Eastern Railway employee, 50 years old, 10 years to retirement, Rs 12,000/month RD corpus Rs 4.7L: First: the existing Rs 4.7L corpus. RD is mature (3 years = full RD tenure for most bank RDs). Do NOT reinvest in new RD. The Rs 4.7L should now move to: Rs 1L emergency fund (if not maintained separately). Rs 3.7L in Nifty 50 via 4-week STP. At 12% CAGR for 10 years: Rs 3.7L → Rs 11.5L. LTCG: net Rs 10.3L. vs Rs 3.7L in new RD for 10 years at 4.9% net: Rs 6L. Forward decision on Rs 12,000/month: 10 years to retirement. Railway PF: you're in Railway Provident Fund (RPF) — significant fixed-income allocation already (employer + employee contributions). GPF contribution: additional fixed income. Do you have equity in your portfolio? If NO: the Rs 12,000/month should go to Nifty SIP, NOT another RD. Rs 12,000/month Nifty SIP for 10 years at 12%: Rs 27.8L. vs Rs 12,000/month RD for 10 years: Rs 17.6L (net 4.9%). Equity SIP wins by Rs 10.2L. Specific goal in under 3 years? If yes (daughter's wedding in 2 years, home renovation, etc.): keep Rs 6,000/month in RD for that goal + Rs 6,000/month in Nifty SIP. At 50, the equity time horizon (10 years to 60, then 20+ years of retirement) is still sufficient for meaningful Nifty SIP allocation. The pension floor: your Railway pension will cover basic expenses in retirement. The Rs 3.7L + Rs 12,000/month equity allocation is your GROWTH wealth, not survival money. That context justifies equity over RD.

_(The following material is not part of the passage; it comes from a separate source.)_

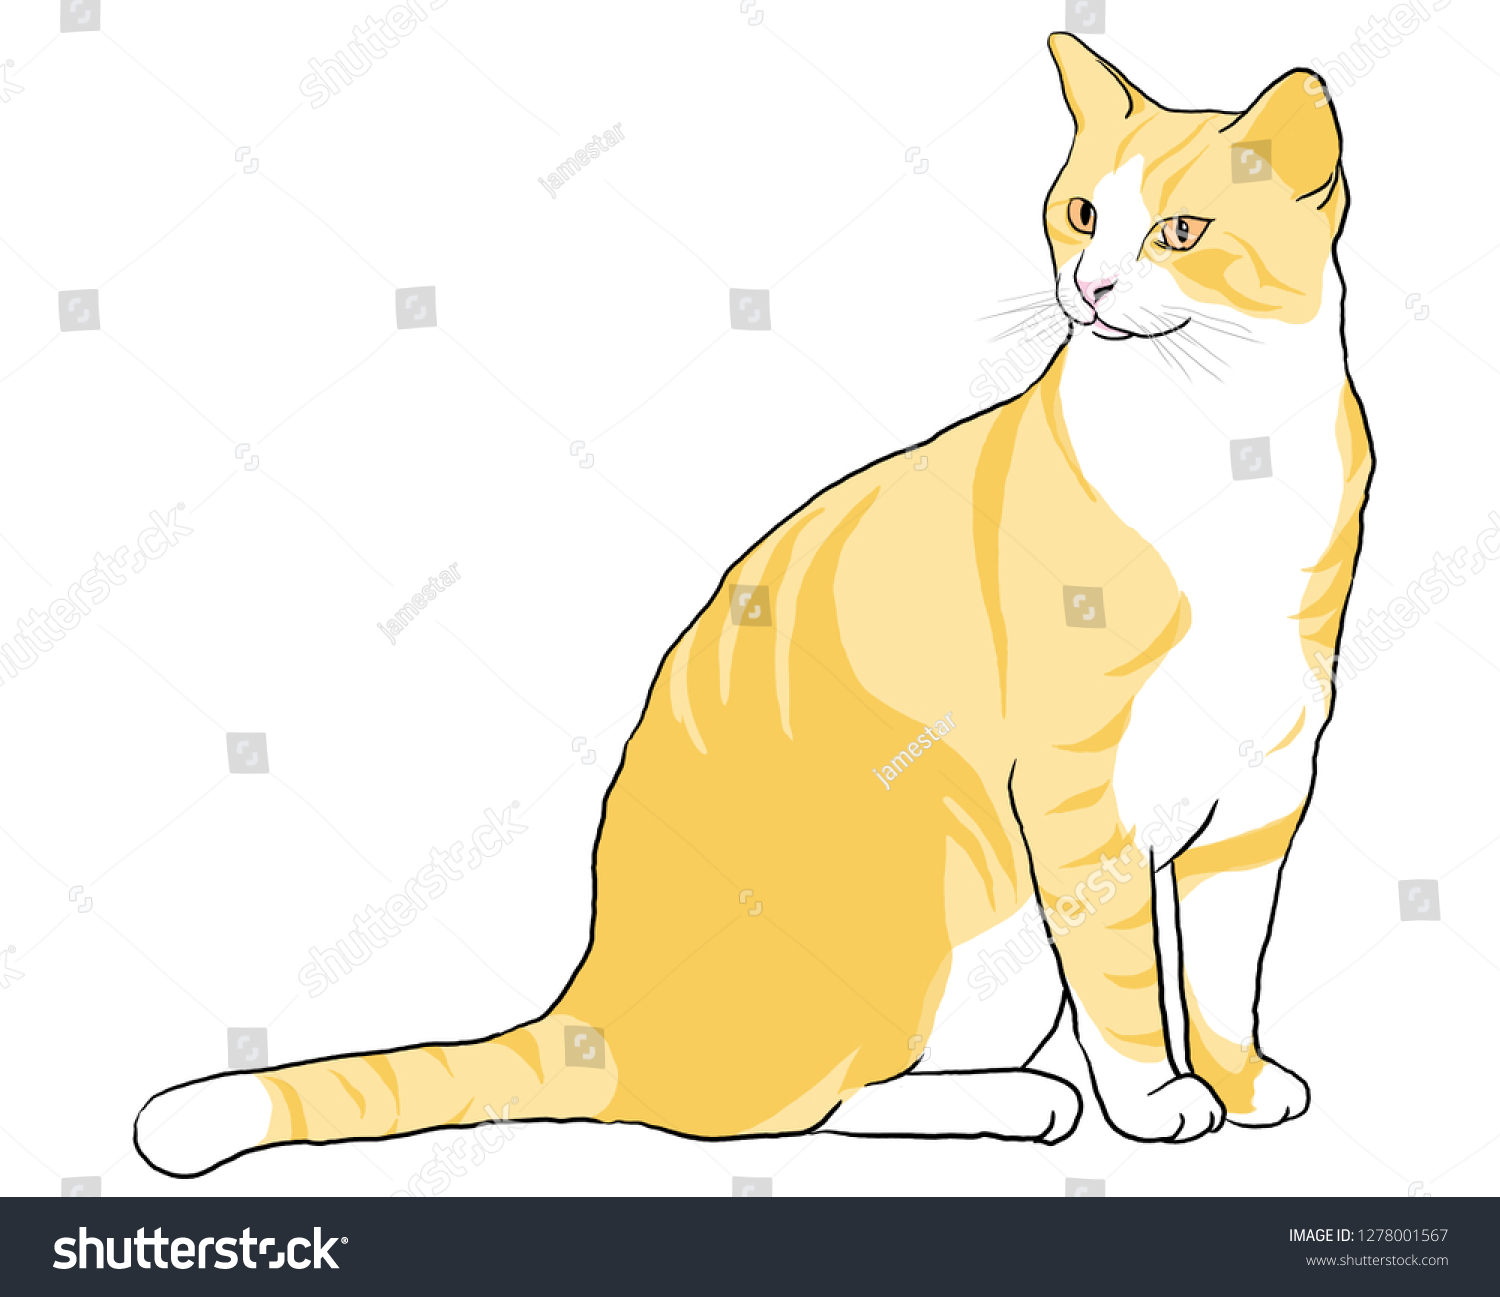 domestic cats with tiger stripes clipart
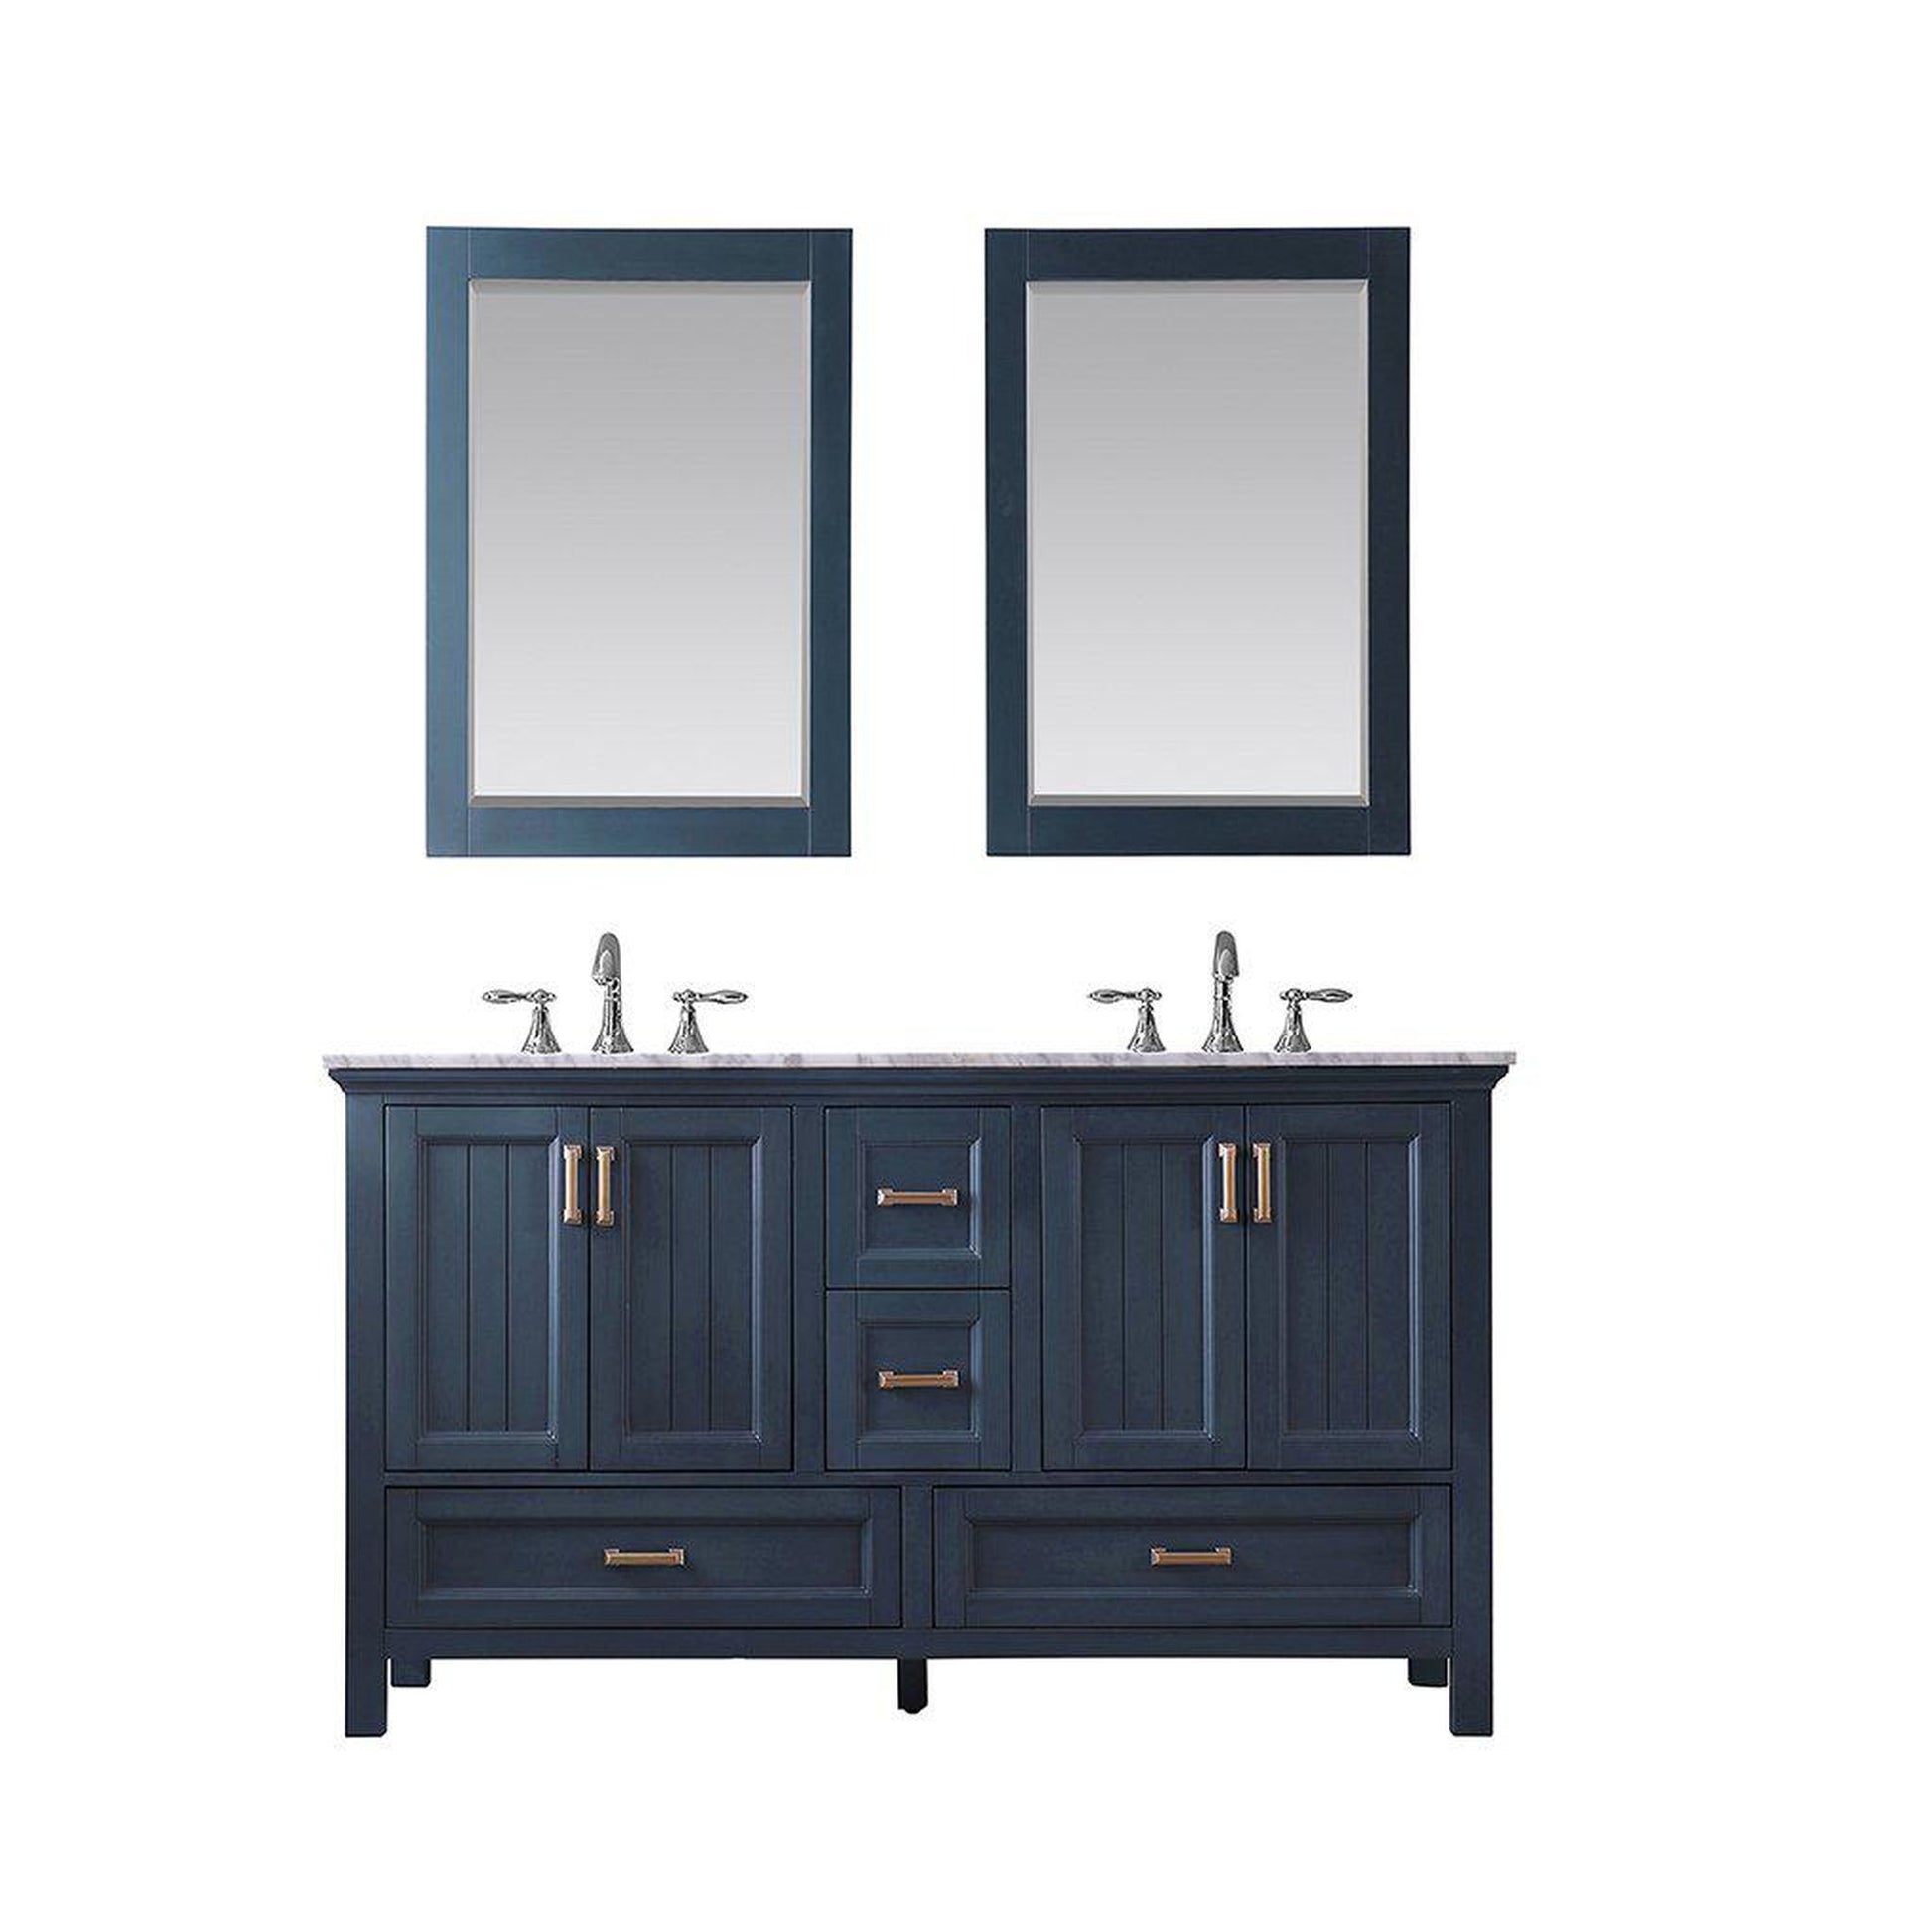 Altair Isla 60" Double Classic Blue Freestanding Bathroom Vanity Set With Mirror, Natural Carrara White Marble Top, Two Rectangular Undermount Ceramic Sinks, and Overflow

I'm a 25-year-old Kolkata IT fresher (Salt Lake Sector V, Rs 5.2L CTC, first job). My mother says start an RD of Rs 5,000/month. My colleague says do SIP. What's right?

25-year-old Salt Lake IT fresher — mother says RD vs colleague says SIP: Your colleague is right. But understand why, so you can explain it to your mother. The mother's logic: RD is safe, guaranteed, no market risk. Perfect for a first-time saver just starting a financial life. This is emotionally valid. The colleague's math: at 25, with 35 years to compounding, the difference between RD (4.9% net at 5% slab) and equity SIP (12% long-term CAGR) is massive. Rs 5,000/month for 35 years: RD at 4.9% net: approximately Rs 58.5L. Equity SIP at 12%: approximately Rs 3.22Cr. Difference: Rs 2.63Cr on the SAME Rs 5,000/month. Starting age is the single biggest variable in wealth accumulation. Every rupee you put into RD at 25 costs you Rs 55 by 60. The compromise: start equity SIP, but use the framework of safety that your mother values. Nifty 50 index fund SIP Rs 5,000/month (SEBI regulated, top 50 companies in India, diversified, not a company stock). 'Mother, instead of Rs 5,000 in RD, I'm putting Rs 5,000 in a government-regulated fund that invests in India's 50 biggest companies. It fluctuates but has never given negative returns over any 15-year period.' Auto-debit on the 5th of every month — same discipline as RD. No market timing needed. The first job emergency fund: BEFORE starting any SIP, build Rs 50,000-75,000 in SBI savings (3 months expenses in Salt Lake — rent Rs 8,000, food Rs 7,000, transport Rs 5,000 = Rs 20,000/month → Rs 60,000 emergency fund). Build emergency fund in 2-3 months, then start SIP. The RD is not wrong forever — if you save for a specific goal (laptop in 18 months, certification in 12 months), use RD for that. For the 35-year wealth journey: equity SIP only.